Top of EXERCISE DATA

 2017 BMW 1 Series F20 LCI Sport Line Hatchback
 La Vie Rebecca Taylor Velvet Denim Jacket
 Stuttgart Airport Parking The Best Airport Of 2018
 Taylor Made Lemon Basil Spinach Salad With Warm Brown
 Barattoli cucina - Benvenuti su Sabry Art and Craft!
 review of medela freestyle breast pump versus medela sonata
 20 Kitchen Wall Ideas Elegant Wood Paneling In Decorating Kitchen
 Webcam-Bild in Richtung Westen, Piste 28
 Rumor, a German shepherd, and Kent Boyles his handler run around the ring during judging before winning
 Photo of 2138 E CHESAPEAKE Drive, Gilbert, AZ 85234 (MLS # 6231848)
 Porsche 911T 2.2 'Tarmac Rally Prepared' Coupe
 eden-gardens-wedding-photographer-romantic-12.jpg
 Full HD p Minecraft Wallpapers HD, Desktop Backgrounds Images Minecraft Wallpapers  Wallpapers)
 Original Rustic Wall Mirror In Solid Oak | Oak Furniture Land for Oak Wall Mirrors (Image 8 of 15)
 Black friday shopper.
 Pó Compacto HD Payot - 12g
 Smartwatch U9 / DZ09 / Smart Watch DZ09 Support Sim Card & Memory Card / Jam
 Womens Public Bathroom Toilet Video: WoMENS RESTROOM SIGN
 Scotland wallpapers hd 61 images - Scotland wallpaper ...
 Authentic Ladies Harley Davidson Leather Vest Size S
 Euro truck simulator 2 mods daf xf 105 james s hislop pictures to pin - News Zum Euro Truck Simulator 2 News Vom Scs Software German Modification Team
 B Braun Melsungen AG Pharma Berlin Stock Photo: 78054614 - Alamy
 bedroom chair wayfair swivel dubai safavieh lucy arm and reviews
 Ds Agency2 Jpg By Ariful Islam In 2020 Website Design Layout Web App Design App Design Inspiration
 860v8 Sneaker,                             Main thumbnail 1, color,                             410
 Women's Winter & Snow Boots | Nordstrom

Bottom of EXERCISE DATA

Would you please copy exactly the part of the entries above that begins at the line containing "Full HD p Minecraft" and ends at the line containing "Womens Public Bathroom", both lines included?

 Full HD p Minecraft Wallpapers HD, Desktop Backgrounds Images Minecraft Wallpapers  Wallpapers)
 Original Rustic Wall Mirror In Solid Oak | Oak Furniture Land for Oak Wall Mirrors (Image 8 of 15)
 Black friday shopper.
 Pó Compacto HD Payot - 12g
 Smartwatch U9 / DZ09 / Smart Watch DZ09 Support Sim Card & Memory Card / Jam
 Womens Public Bathroom Toilet Video: WoMENS RESTROOM SIGN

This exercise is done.